If we look at an example:
- sodium chloride sets the bits 11, 98 and 202
- benzene sets the bits 204, 98 and 887
When deleting benzene we unset its three bits. But now when we check for sodium chloride, bit 98 is unset, and we come to the incorrect conclusion that sodium chloride is not in the filter. Our guarantee is broken!
One possible solution could be to keep counters instead of bits, and increment and decrement the integers at the indices, and declare that an element is missing, only once the index is 0. In the above example, after adding both the elements the index 98 will be at 2. Removing benzene will make it to 1, and thus the test for sodium chloride will still pass.

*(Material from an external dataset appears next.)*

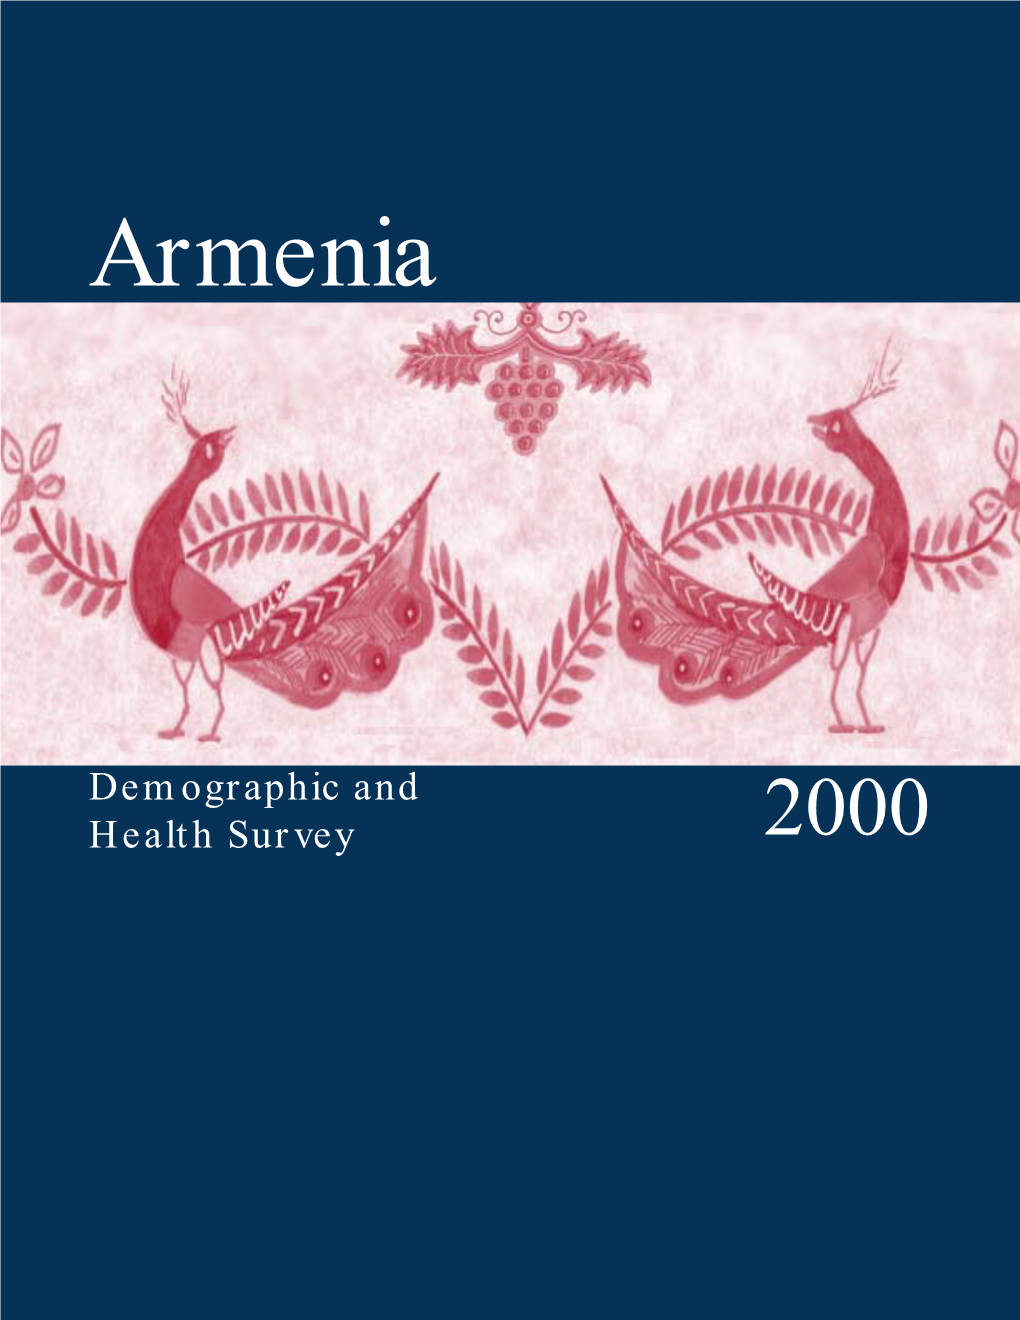 Armenia 2000 Demographic and Health Survey

However we will be now forced to use an int array instead of a bit array, which means a size increase of at least eight times the original space requirement.
A Rust implementation
Rust is a systems programming language which provides comprehensive features to ensure memory safety as well as a rich set of tools to develop programs. An implementation of the bloom filter that I described above is available on github.
This is a bloom filter behind a minimal rest API, allowing a user to add strings to the filter as well as query the filter with a list of strings.

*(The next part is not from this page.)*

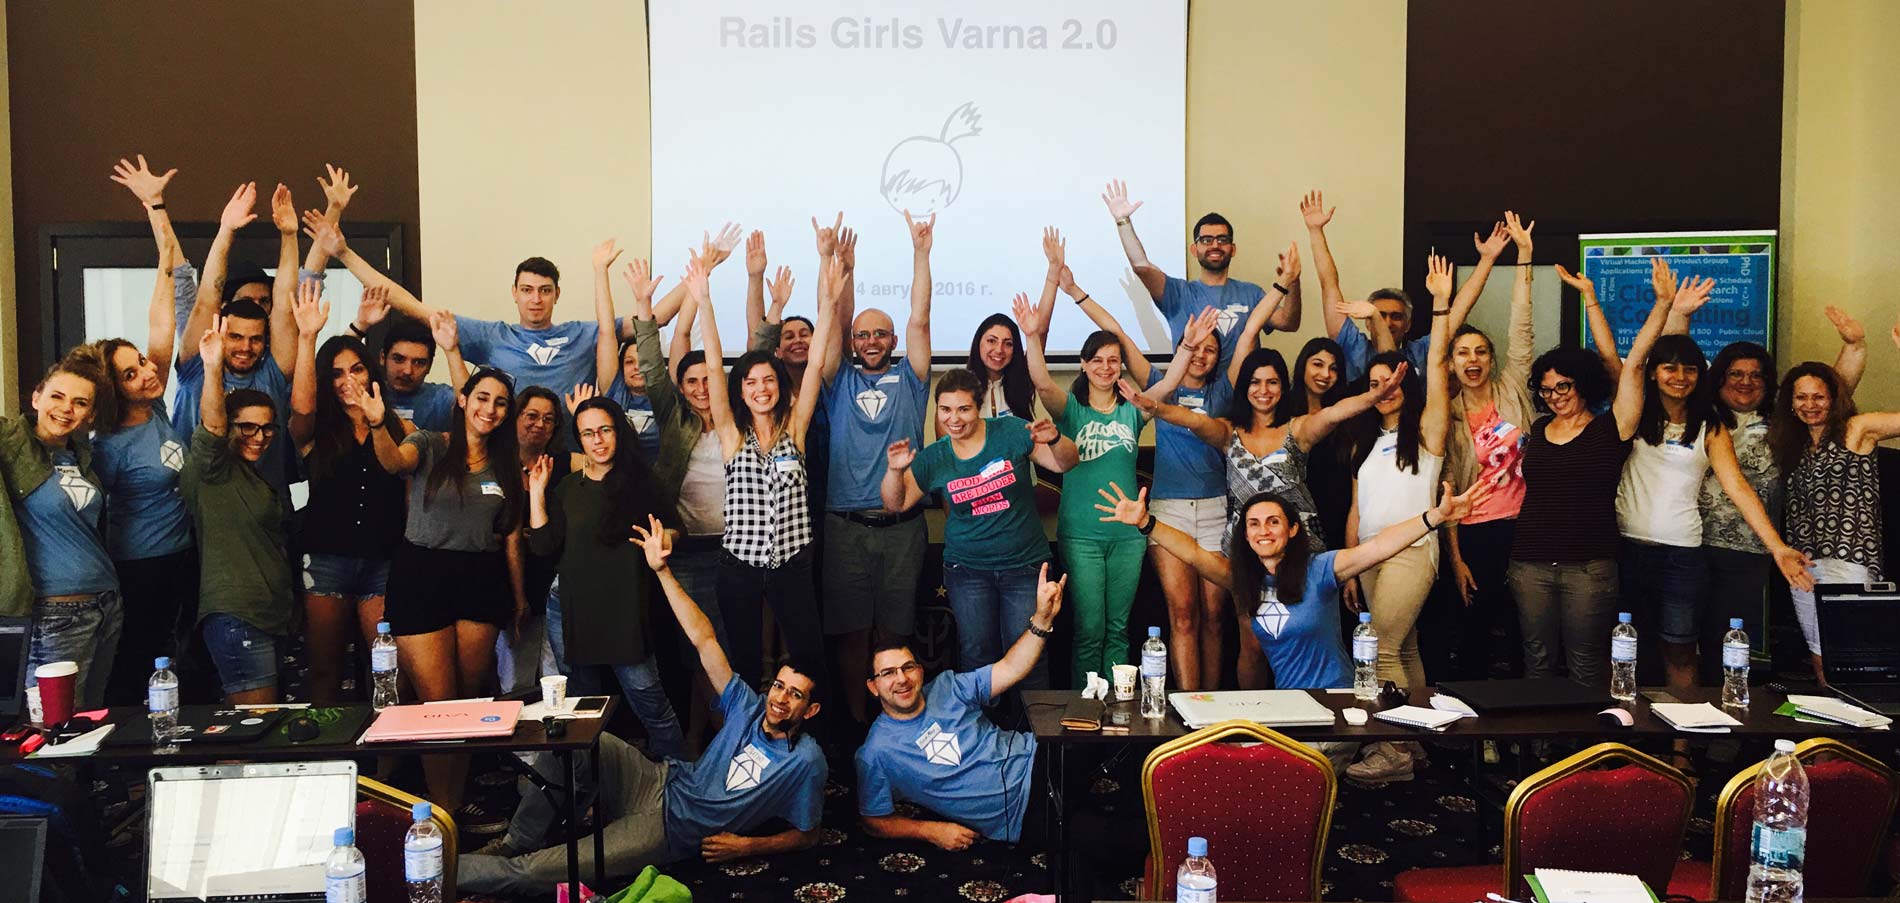 Rails Girls Varna 2.0 August 2016 Group Photo

I had to run through a couple of optimisations to make the bloom filter more efficient, which are described in some detail below:
Hashing
Using a single hash algorithm to generate the k indices: I set k to 40 for my testing, and since calculating the hash of a string 40 times is quite expensive, I used the following workaround:
- calculate the hash of the string. I use metro hash from the fasthash library for hashing.
- calculate the hash of the hash produced in step 1: the hash of step 1 is an integer, but we may convert its hexadecimal representation to a string to calculate the hash.
- start with the hash of step 1, and keep adding the hash of step 2 to it, k times. Each addition gives us an index which (modulo
N) is the bit to set. Since our goal is just to spread the bits around for a given string in a reproducible fashion, this strategy works for our use case and is faster than hashing the string 40 times.
Modulo operation
The modulo operator involves division, which is quite slow. In fact when I ran a profiler on test code I found that the program spent more than half the time during division.
Here we can make use of the fact that we control the N (the size of the bit array) and the fact that a mod N where N is some power of 2, is simply a & (N-1) which is slightly faster than division, and by extension, modulo. So we always set N to some power of 2, and do a bitwise AND instead of modulo.
This gives us some gains in terms of speed.
Structure of the application
The application is quite barebones, at startup a new bloom filter is created and handles to it are passed to the request handlers.
Since we use actix which uses a factory based approach to create handlers, we have to create an Arc, which is basically an atomic reference counted entity owning our heap allocated filter object and enabling shared access to it.
The factory based approach means that the function we supply to actix is actually used to create a handler each time a request is served. If we simply pass the filter object to the function, each request will be served by a new copy of the filter, hence the ref-counting approach.
Clones of the arc (which each point to the same filter object on heap) are passed around to the request handlers, and a mutex is used to protect the filter from concurrent access. The arc increases the ref-count on each clone operation, and each request works on the same filter object.
The rest API allows an upload of a list of strings, which are added to the filter, and querying the filter using a list of strings, which returns a payload containing matching and missing strings.
The server can be run simply by cloning the project and running cargo run from the root of the project.